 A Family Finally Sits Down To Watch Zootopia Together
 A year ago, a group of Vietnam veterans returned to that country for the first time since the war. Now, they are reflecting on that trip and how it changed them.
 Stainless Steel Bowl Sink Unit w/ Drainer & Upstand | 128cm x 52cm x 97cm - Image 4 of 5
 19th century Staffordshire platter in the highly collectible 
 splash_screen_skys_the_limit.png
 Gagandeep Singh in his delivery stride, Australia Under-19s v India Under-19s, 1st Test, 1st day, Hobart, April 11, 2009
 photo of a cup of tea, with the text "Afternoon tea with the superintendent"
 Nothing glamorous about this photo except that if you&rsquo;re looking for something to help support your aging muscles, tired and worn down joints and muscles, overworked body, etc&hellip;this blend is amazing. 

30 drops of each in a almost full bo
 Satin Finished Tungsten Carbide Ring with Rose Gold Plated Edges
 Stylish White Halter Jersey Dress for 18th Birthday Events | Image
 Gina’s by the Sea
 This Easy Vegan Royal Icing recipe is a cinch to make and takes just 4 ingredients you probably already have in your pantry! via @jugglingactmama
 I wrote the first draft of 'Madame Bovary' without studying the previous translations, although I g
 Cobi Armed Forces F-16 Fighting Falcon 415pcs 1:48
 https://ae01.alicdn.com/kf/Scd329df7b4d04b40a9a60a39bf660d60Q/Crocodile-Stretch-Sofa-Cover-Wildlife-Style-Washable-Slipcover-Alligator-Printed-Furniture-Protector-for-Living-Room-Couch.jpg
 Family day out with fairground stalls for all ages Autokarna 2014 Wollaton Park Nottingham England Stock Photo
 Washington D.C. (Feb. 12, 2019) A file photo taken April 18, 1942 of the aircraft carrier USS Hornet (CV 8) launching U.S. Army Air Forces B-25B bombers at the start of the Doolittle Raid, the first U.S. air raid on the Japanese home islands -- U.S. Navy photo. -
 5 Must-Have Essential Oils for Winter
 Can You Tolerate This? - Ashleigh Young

▶ [YOUR ASSIGNMENT]:
Print the material verbatim, all of it.

▶ [SOLUTION FOR THIS TASK]:
 A Family Finally Sits Down To Watch Zootopia Together
 A year ago, a group of Vietnam veterans returned to that country for the first time since the war. Now, they are reflecting on that trip and how it changed them.
 Stainless Steel Bowl Sink Unit w/ Drainer & Upstand | 128cm x 52cm x 97cm - Image 4 of 5
 19th century Staffordshire platter in the highly collectible 
 splash_screen_skys_the_limit.png
 Gagandeep Singh in his delivery stride, Australia Under-19s v India Under-19s, 1st Test, 1st day, Hobart, April 11, 2009
 photo of a cup of tea, with the text "Afternoon tea with the superintendent"
 Nothing glamorous about this photo except that if you&rsquo;re looking for something to help support your aging muscles, tired and worn down joints and muscles, overworked body, etc&hellip;this blend is amazing. 

30 drops of each in a almost full bo
 Satin Finished Tungsten Carbide Ring with Rose Gold Plated Edges
 Stylish White Halter Jersey Dress for 18th Birthday Events | Image
 Gina’s by the Sea
 This Easy Vegan Royal Icing recipe is a cinch to make and takes just 4 ingredients you probably already have in your pantry! via @jugglingactmama
 I wrote the first draft of 'Madame Bovary' without studying the previous translations, although I g
 Cobi Armed Forces F-16 Fighting Falcon 415pcs 1:48
 https://ae01.alicdn.com/kf/Scd329df7b4d04b40a9a60a39bf660d60Q/Crocodile-Stretch-Sofa-Cover-Wildlife-Style-Washable-Slipcover-Alligator-Printed-Furniture-Protector-for-Living-Room-Couch.jpg
 Family day out with fairground stalls for all ages Autokarna 2014 Wollaton Park Nottingham England Stock Photo
 Washington D.C. (Feb. 12, 2019) A file photo taken April 18, 1942 of the aircraft carrier USS Hornet (CV 8) launching U.S. Army Air Forces B-25B bombers at the start of the Doolittle Raid, the first U.S. air raid on the Japanese home islands -- U.S. Navy photo. -
 5 Must-Have Essential Oils for Winter
 Can You Tolerate This? - Ashleigh Young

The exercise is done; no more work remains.